Он смотрел на бутылку, как на музейный экспонат.
— Мы, это… крепкое не очень. Нам бы водочки.
Маша покраснела.
— Папа, не надо.
— А что такого? — он уже осмелел. — Хозяйка предлагает.
Я налила ему. Он выпил залпом и крякнул.
Клавдия Ивановна ковыряла вилкой устрицу.
— Оно живое, что ли?
Я «по-дружески» расспрашивала их.
— Егор, а кем вы на заводе? Слесарь-ремонтник? Это, должно быть, очень… пыльная работа. Платят хоть хорошо? На свадьбу-то хватит?

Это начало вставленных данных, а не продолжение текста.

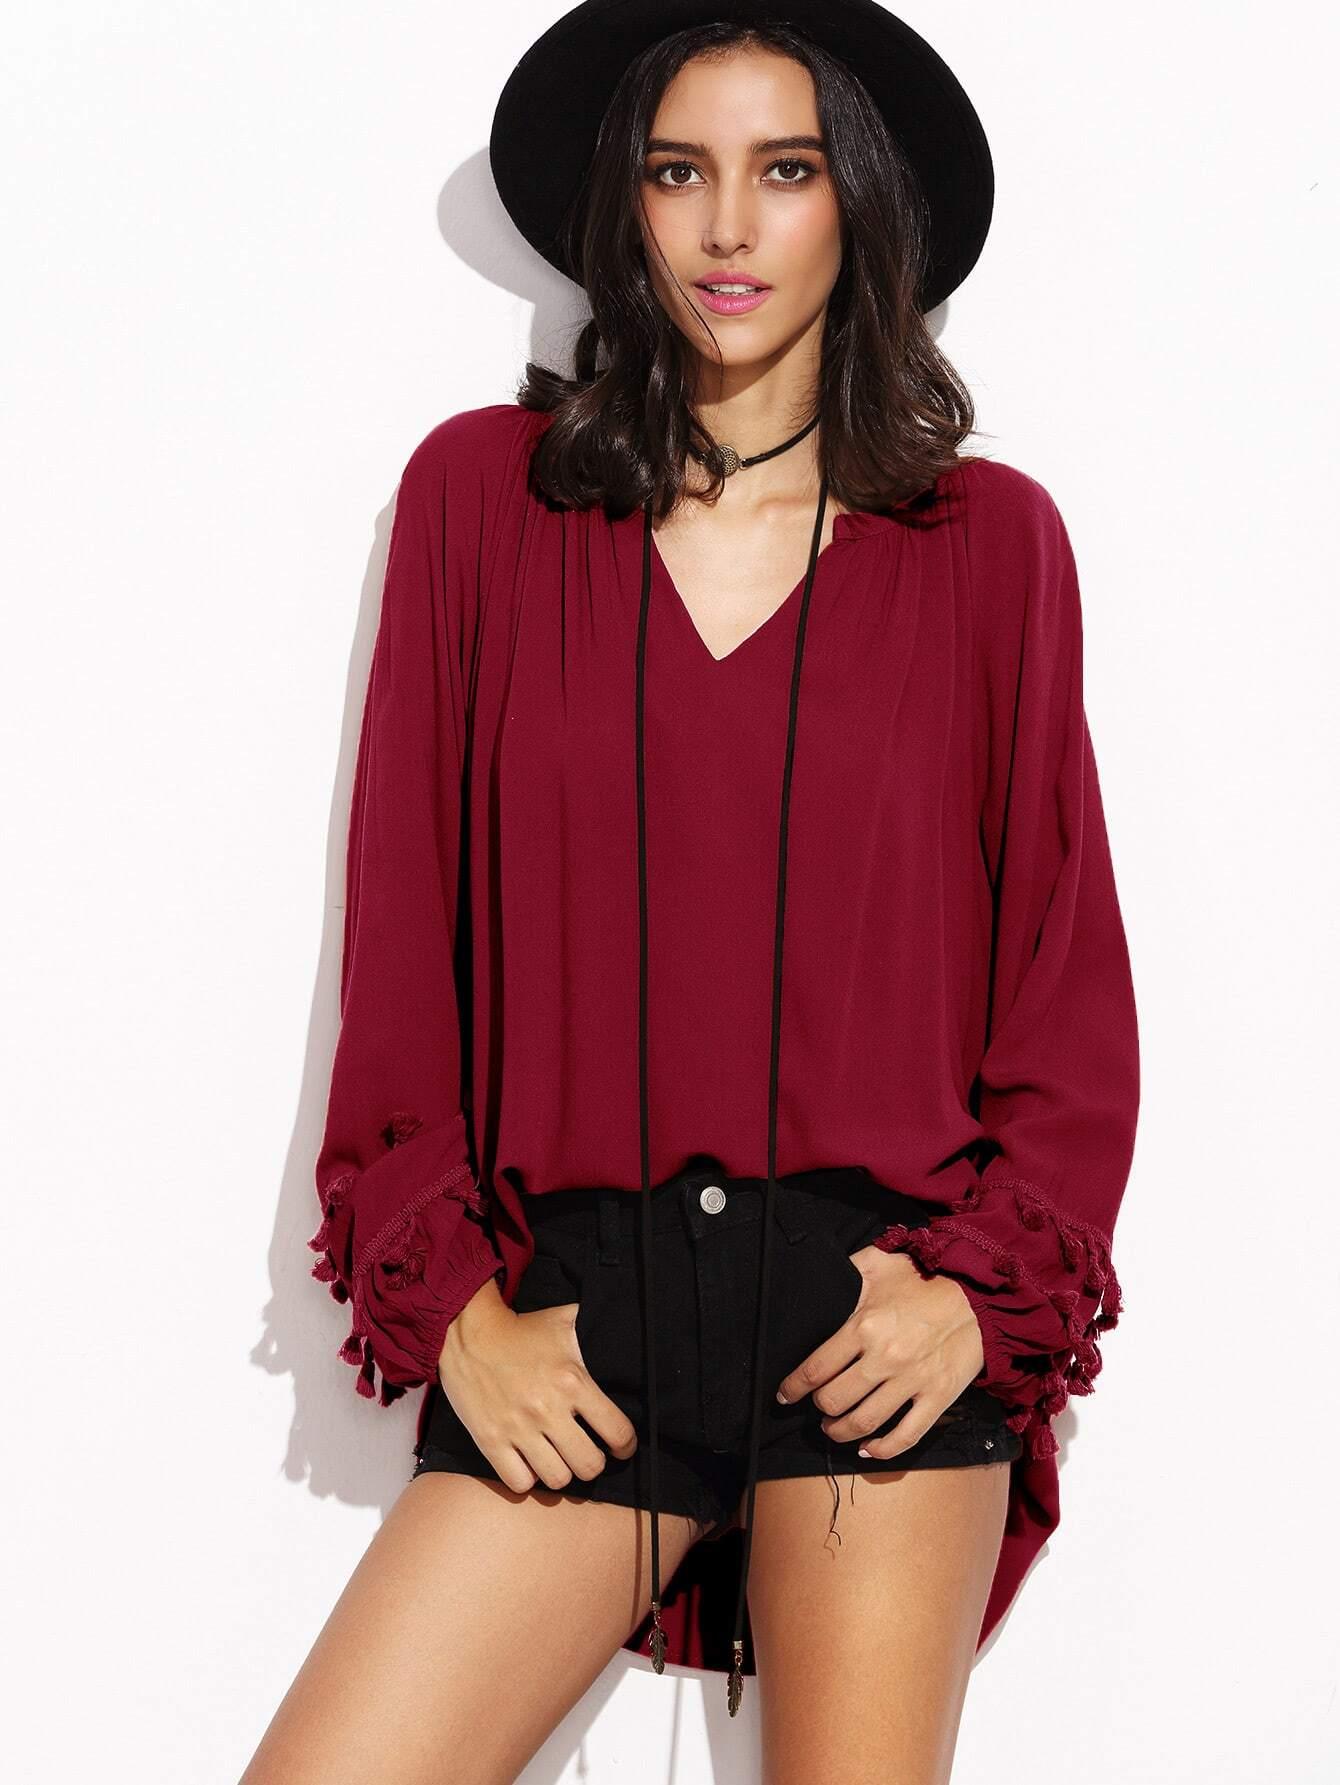 blouse160905003_2

— Клавдия Ивановна, а у вас в роду все здоровы? Ну, знаете, наследственность… Никита у меня один. Я хочу здоровых внуков.
Я помню, как Маша медленно положила вилку.
Она смотрела на меня так же, как сегодня за столом.
— Галина Сергеевна, — тихо сказала она. — Мы, наверное, пойдем.
— Куда же вы? — я изобразила удивление. — Десерт не попробовали!
— Хватит, — сказала она.
— Мама! — это уже взорвался Никита, который до этого сидел белый, как мел. — Ты что творишь?!
— Я? — я искренне не поняла. — Я общаюсь! Я хочу узнать будущих родственников!
— Ты их унижаешь! — крикнул он.
Егор к тому времени уже допил коньяк и смотрел на меня мутным взглядом.
— Галина… Сергеевна. Вы женщина… видная. Но стерва. Пойдем, Клава.
Они ушли.
Потом был страшный скандал.
«Ты специально! — кричал Никита. — Ты сделала все, чтобы их оскорбить! Ты ненавидишь ее!»
— Да! — закричала я. — Ненавижу! Потому что она — ничтожество! Она из грязи! Она тянет тебя на дно!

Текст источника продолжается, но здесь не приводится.